GMT   =  3^h 35^m 12^s

Therefore ZT =  3^h 35^m 12^s – 2^h  = 1^h 35^m 12^s.

Q.2.

Date = 5 July.  ZT = 3^h 20^m 30^s

Long. 145^o 15’.33E is in zone -10.

Therefore GMT =   3^h 20^m 30^s – 10^h

Therefore GD = 17^h 20^m 30^s , 4 July.

Q.3.  Long. 158^o, 2’.38E is in zone -11.

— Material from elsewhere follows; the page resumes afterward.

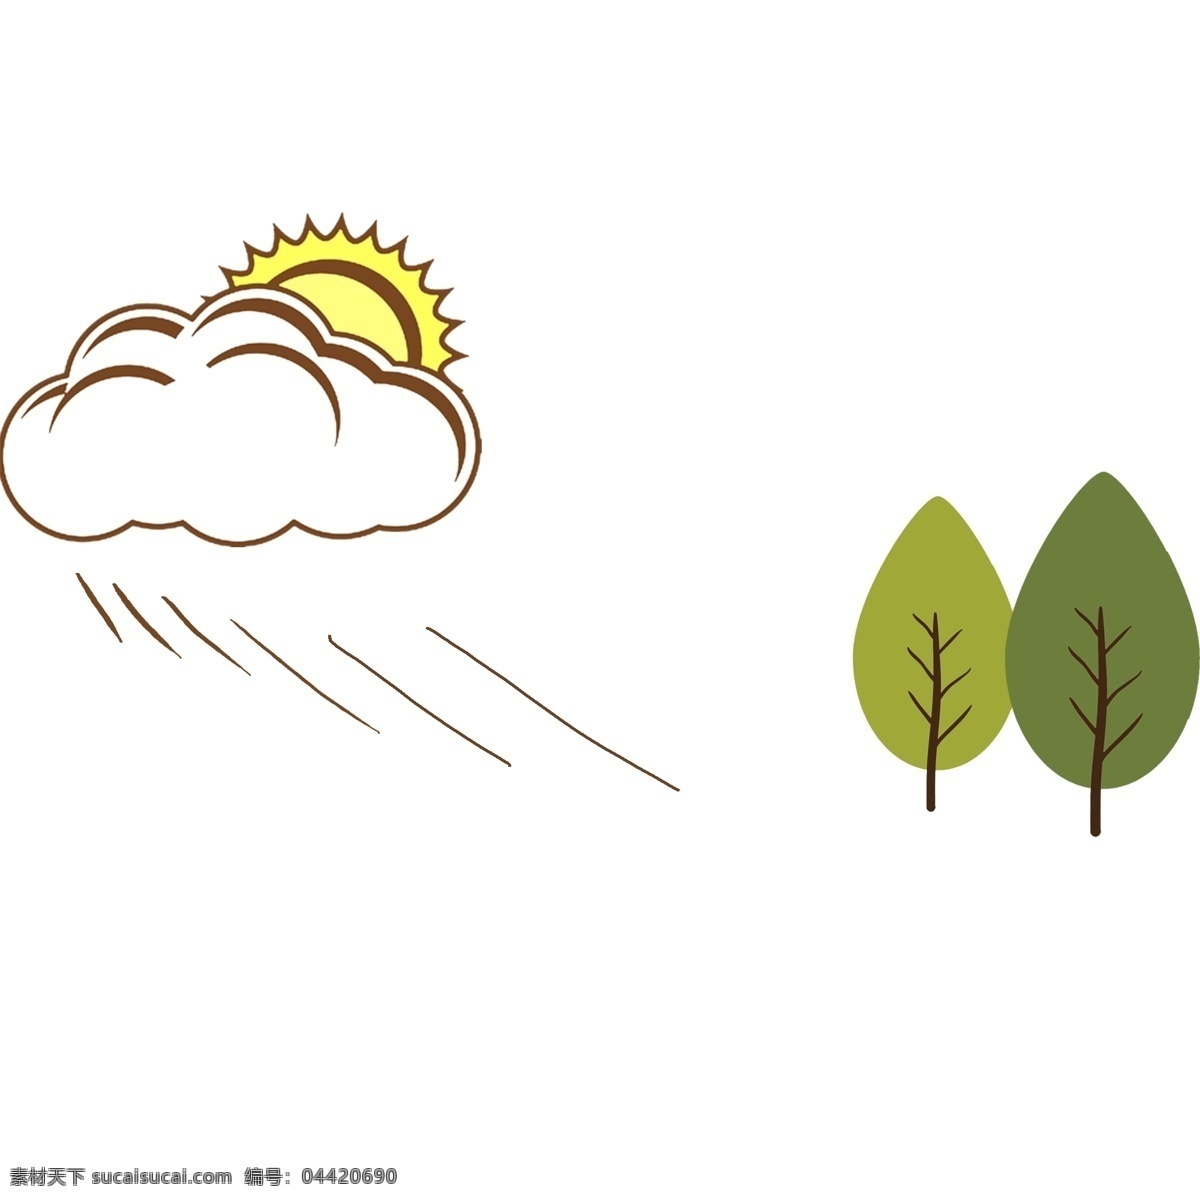 分割线 太阳 小树 插画 绿色的小树 卡通插画 手绘插画 分割线插画 太阳分割线 火红的太阳 漂亮的小树

If GD = 2330, 3 July, then ZT = 2330 + 11^h

Therefore ZT = 1030 4 July.

Q.4.

Long. 179^o,59’.9E is in zone -12.

Therefore  ZT = GD + 12^h

Therefore  ZT =  30. April 12^h 01^m + 12^h 

Therefore  ZT = 1 May.  00^h 01^m

 Q.5.

Long. 179^o,59’.9W is in zone +12.

Therefore  ZT = GD – 12^h

Therefore ZT =  30 April 11^h 59^m – 12^h 

Therefore ZT = 29th. April 23^h 59^m

Q.6.

Both ships are positioned on the Equator and are 2 minutes of arc apart in terms of longitude.

Therefore the distance between the ships is 2 x 1855.32 m. = 3710.64 m.

Therefore, although the ships are in dates two days apart, they are only  approx. 3.7 geographical miles apart.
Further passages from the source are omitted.